* _What needs to be done_
Beginning with the line that holds "Tổ chức lễ khánh" in the data below, give again every line through the one that holds "ID.501 Флисовая куртка B&C, белый", exactly as written.

* _Material for this task_
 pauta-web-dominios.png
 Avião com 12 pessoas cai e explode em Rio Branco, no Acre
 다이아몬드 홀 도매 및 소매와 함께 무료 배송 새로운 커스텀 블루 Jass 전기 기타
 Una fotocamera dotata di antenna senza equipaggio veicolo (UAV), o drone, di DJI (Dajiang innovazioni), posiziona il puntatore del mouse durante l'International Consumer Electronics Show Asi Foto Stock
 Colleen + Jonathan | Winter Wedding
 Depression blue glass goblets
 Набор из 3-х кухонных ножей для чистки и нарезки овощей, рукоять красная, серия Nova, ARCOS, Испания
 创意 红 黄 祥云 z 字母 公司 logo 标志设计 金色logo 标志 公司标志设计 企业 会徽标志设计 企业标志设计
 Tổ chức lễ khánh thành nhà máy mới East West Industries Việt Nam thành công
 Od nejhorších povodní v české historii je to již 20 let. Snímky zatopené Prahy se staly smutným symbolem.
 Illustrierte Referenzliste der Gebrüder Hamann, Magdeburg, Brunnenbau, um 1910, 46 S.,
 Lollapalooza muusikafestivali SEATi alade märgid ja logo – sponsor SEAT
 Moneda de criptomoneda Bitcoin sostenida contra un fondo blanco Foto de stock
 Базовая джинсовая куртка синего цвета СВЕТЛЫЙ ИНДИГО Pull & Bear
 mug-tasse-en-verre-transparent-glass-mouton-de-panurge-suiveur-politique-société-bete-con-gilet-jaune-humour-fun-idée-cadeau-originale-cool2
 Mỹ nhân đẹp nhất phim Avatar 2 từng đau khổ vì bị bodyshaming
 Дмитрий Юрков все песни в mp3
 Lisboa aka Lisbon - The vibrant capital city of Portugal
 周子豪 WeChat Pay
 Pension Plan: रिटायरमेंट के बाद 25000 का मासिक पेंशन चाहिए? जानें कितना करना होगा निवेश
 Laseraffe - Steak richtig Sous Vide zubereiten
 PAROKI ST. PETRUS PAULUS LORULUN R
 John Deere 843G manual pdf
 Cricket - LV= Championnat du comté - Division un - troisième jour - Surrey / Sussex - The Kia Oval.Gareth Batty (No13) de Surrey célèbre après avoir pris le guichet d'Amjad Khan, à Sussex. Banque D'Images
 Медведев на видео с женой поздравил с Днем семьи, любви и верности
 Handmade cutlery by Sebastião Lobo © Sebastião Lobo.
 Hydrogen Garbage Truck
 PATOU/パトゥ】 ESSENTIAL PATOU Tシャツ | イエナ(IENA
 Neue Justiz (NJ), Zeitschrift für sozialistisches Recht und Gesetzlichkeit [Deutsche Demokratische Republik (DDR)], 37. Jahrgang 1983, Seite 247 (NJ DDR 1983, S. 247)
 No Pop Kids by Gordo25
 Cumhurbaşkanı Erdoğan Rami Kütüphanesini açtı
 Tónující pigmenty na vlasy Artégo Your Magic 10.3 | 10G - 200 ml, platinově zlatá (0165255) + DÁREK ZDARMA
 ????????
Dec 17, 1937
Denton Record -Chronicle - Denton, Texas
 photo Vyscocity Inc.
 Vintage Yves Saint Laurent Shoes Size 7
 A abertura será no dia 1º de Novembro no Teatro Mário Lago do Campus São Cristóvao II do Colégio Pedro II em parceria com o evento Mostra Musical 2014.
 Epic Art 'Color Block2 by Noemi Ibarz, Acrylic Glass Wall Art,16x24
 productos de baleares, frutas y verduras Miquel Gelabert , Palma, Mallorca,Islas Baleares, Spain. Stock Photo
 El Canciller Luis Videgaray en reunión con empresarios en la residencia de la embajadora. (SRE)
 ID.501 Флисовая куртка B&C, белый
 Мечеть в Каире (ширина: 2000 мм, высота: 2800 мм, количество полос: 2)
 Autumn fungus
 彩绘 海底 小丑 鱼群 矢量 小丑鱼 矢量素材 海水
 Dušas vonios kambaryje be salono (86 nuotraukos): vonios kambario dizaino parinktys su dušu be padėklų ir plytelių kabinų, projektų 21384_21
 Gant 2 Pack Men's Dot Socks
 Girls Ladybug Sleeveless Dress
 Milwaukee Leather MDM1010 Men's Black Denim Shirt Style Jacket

* _Finished task_
 Tổ chức lễ khánh thành nhà máy mới East West Industries Việt Nam thành công
 Od nejhorších povodní v české historii je to již 20 let. Snímky zatopené Prahy se staly smutným symbolem.
 Illustrierte Referenzliste der Gebrüder Hamann, Magdeburg, Brunnenbau, um 1910, 46 S.,
 Lollapalooza muusikafestivali SEATi alade märgid ja logo – sponsor SEAT
 Moneda de criptomoneda Bitcoin sostenida contra un fondo blanco Foto de stock
 Базовая джинсовая куртка синего цвета СВЕТЛЫЙ ИНДИГО Pull & Bear
 mug-tasse-en-verre-transparent-glass-mouton-de-panurge-suiveur-politique-société-bete-con-gilet-jaune-humour-fun-idée-cadeau-originale-cool2
 Mỹ nhân đẹp nhất phim Avatar 2 từng đau khổ vì bị bodyshaming
 Дмитрий Юрков все песни в mp3
 Lisboa aka Lisbon - The vibrant capital city of Portugal
 周子豪 WeChat Pay
 Pension Plan: रिटायरमेंट के बाद 25000 का मासिक पेंशन चाहिए? जानें कितना करना होगा निवेश
 Laseraffe - Steak richtig Sous Vide zubereiten
 PAROKI ST. PETRUS PAULUS LORULUN R
 John Deere 843G manual pdf
 Cricket - LV= Championnat du comté - Division un - troisième jour - Surrey / Sussex - The Kia Oval.Gareth Batty (No13) de Surrey célèbre après avoir pris le guichet d'Amjad Khan, à Sussex. Banque D'Images
 Медведев на видео с женой поздравил с Днем семьи, любви и верности
 Handmade cutlery by Sebastião Lobo © Sebastião Lobo.
 Hydrogen Garbage Truck
 PATOU/パトゥ】 ESSENTIAL PATOU Tシャツ | イエナ(IENA
 Neue Justiz (NJ), Zeitschrift für sozialistisches Recht und Gesetzlichkeit [Deutsche Demokratische Republik (DDR)], 37. Jahrgang 1983, Seite 247 (NJ DDR 1983, S. 247)
 No Pop Kids by Gordo25
 Cumhurbaşkanı Erdoğan Rami Kütüphanesini açtı
 Tónující pigmenty na vlasy Artégo Your Magic 10.3 | 10G - 200 ml, platinově zlatá (0165255) + DÁREK ZDARMA
 ????????
Dec 17, 1937
Denton Record -Chronicle - Denton, Texas
 photo Vyscocity Inc.
 Vintage Yves Saint Laurent Shoes Size 7
 A abertura será no dia 1º de Novembro no Teatro Mário Lago do Campus São Cristóvao II do Colégio Pedro II em parceria com o evento Mostra Musical 2014.
 Epic Art 'Color Block2 by Noemi Ibarz, Acrylic Glass Wall Art,16x24
 productos de baleares, frutas y verduras Miquel Gelabert , Palma, Mallorca,Islas Baleares, Spain. Stock Photo
 El Canciller Luis Videgaray en reunión con empresarios en la residencia de la embajadora. (SRE)
 ID.501 Флисовая куртка B&C, белый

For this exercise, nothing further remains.